We have divided the subjects of our study population into age groups representing developmental stages: these stages were decided arbitrarily. The correlation between volumetric measurement and large vessel flow measurement has been shown to be excellent in children.⁹ However, as this was not available for all datasets we did not validate volumetric measurements against large vessel flow. A limited number of subjects younger than 6 years are present in our cohort due to practical and ethical reasons. For example only four boys could be included, and their age ranged from 0 to 3 years (Figure 2). This demographic limitation has the potential of skewing the course of the reference curves. As we did not observe any significant differences between results according to gender in young children, and no significant gender differences are to be expected in this age group,^16–18 we decided to pool all subjects of both genders younger than 6 years to minimize these effects.

The inter-observer variability of biventricular EF is somewhat larger than others previously reported.^7–9 Previous studies performed inter-observer analysis with a second observer from the same institution. Even if we have defined rules of segmentation in common agreement, interinstitutional differences may have the increased inter-observer variance in our study.^26,38 We have reassessed adherence to the CMR segmentation rules in selected cases, which was found to be good. The most frequently observed source of variance was a different endocardial border in the most basal slices, which is a well-known source of error. This uncertainty, inherent to manual segmentation of CMR images, should always be taken into account when interpreting CMR-derived data.

Future directions

The reported references values in this study were derived from a Caucasian cohort.
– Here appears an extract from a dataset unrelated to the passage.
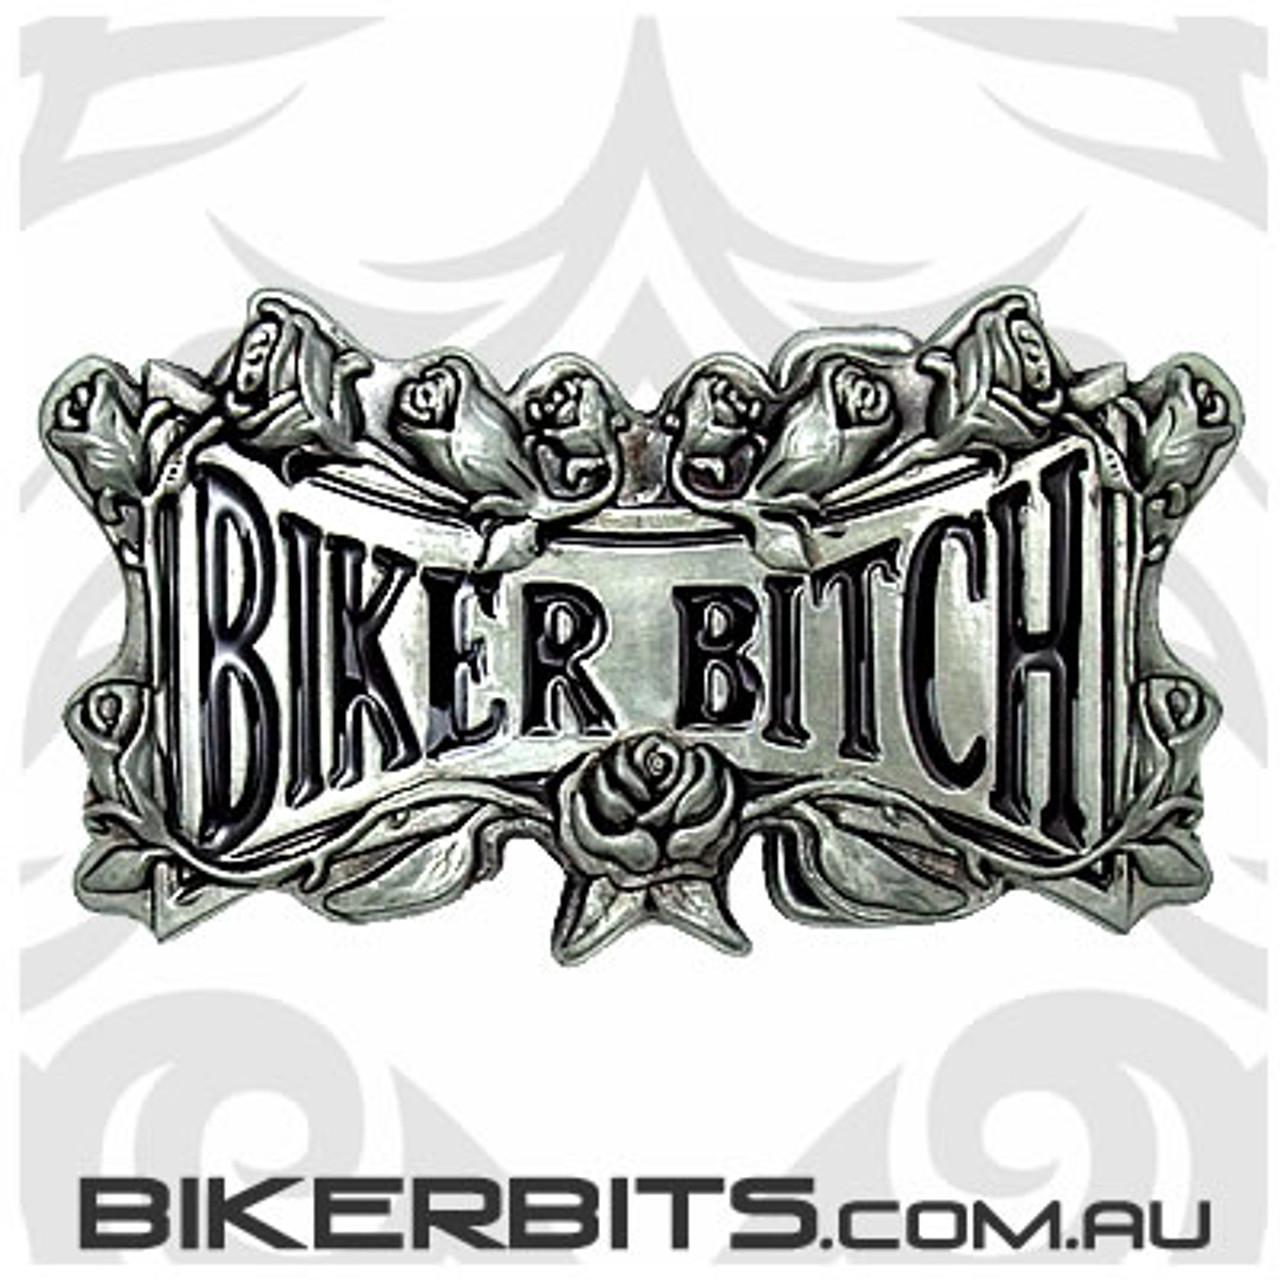 Belt Buckle - Biker Bitch

Racial differences in cardiac volumes and masses are described in the adult population and future efforts could focus on elucidating these differences in the paediatric population.^39,40

Paediatric CMR reference studies from larger healthy cohorts, such as Generation R,⁴¹ are currently being developed; these will result in much larger datasets of healthy populations, including older children. However, these studies have not yet included large numbers of children across the entire paediatric age range. Therefore reference values for children before school age remains an important target for additional future work.

Conclusion

This study provides normal reference ranges for biventricular volumes and masses from the largest published cohort of healthy Caucasian children in the most commonly used short-axis orientation covering infancy to adolescence. A significant difference in biventricular volumes and cardiac mass after the age of 6 years between girls and boys was confirmed. These paediatric CMR reference values may serve as a reference for the follow-up of children with cardiac disease and for further clinical studies.

Ethics approval and consent to participate

All subjects or their legal guards gave written informed consent for participation in the original studies according to local legislation. The study protocol was approved by the ethics boards of the contributing institutions.

Funding

This study was supported by the Magnetic Resonance Imaging Project of the Competence Network for Congenital Heart Defects funded by the German Federal Ministry of Education and Research [BMBF, FKZ 01G10210, 01GI0601].

Conflict of interest: none declared.